- Education: University of Massachusetts Amherst
- Known for: Gärtner-Ellis theorem
- Scientific career
- Fields: Probability theory, Large deviations theory
- Thesis: Chapman-Eskog-Hilbert Expansion for Models of the Boltzmann Equation (1972)
- Doctoral advisor: Henry McKean

= Richard S. Ellis =

American mathematician

Richard Steven Ellis (May 15, 1947 – July 2, 2018) was an American mathematician.
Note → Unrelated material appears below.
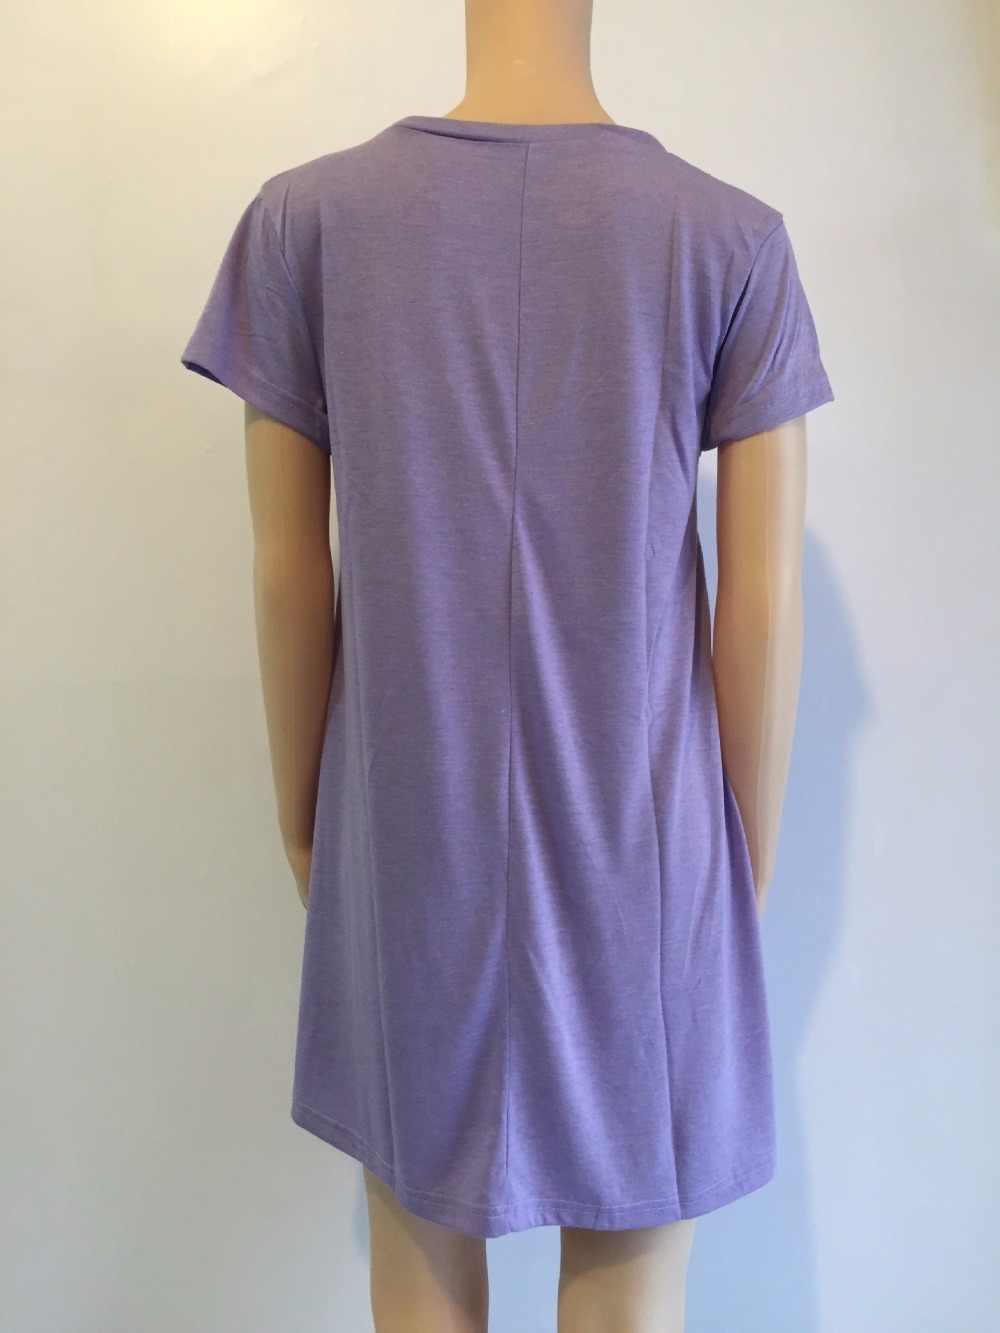 Европа-Америка новые летние Для женщин рубашка модные удобные с короткими рукавами/с длинными рукавами и круглым вырезом шить кружева футболка CH061
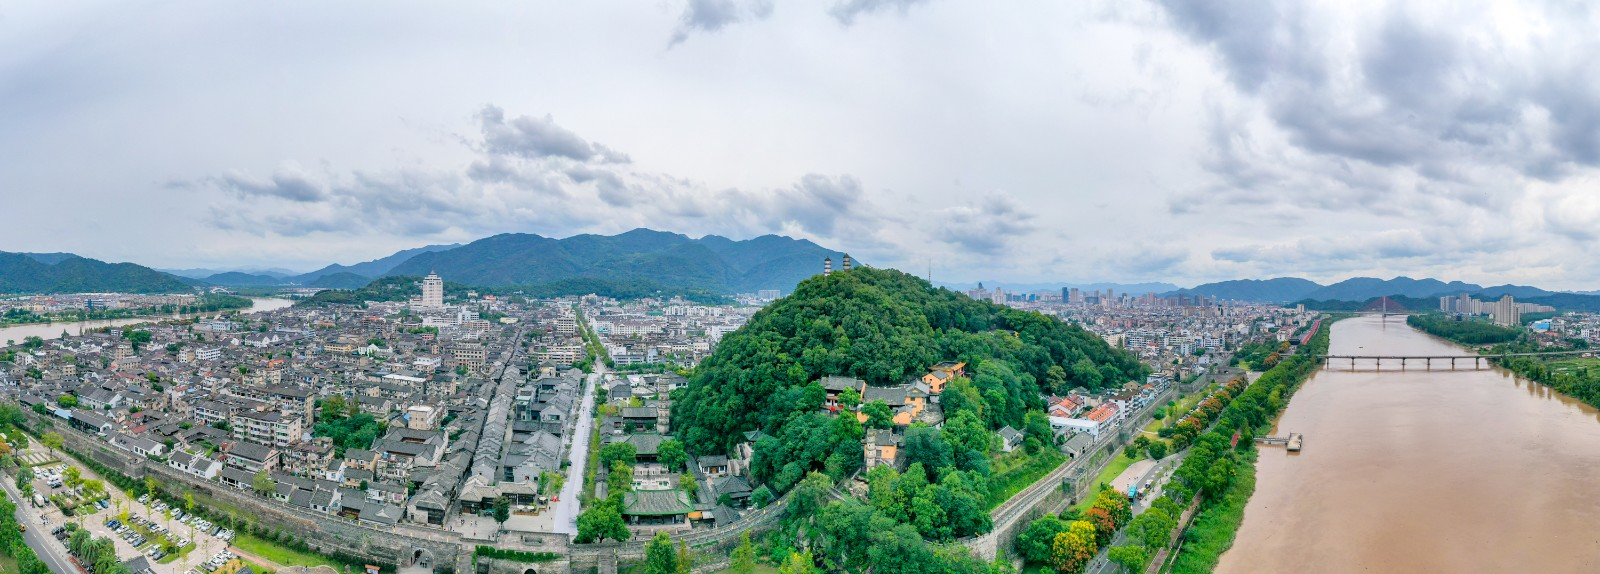 趁秋未凉,来台州临海,探寻千年古城的新与旧

He was born on May 15, 1947, in Brookline, Massachusetts, to parents Murray and Helen. Ellis graduated from Boston Latin School and attended Harvard University, where he studied German literature and mathematics. He pursued graduate study at the Courant Institute of Mathematical Sciences. In 1972, he received his PhD from the New York University for his thesis Chapman-Eskog-Hilbert Expansion for Models of the Boltzmann Equation under the supervision of Henry McKean. He began teaching at Northwestern University and left for the University of Massachusetts Amherst in 1975. In 1984, he improved a key result in large deviations theory originally due to Jürgen Gärtner, which is now known as Gärtner-Ellis Theorem. He was named fellow of the Institute of Mathematical Statistics in 1999. Ellis died of bile duct cancer in New York City on July 2, 2018, aged 71.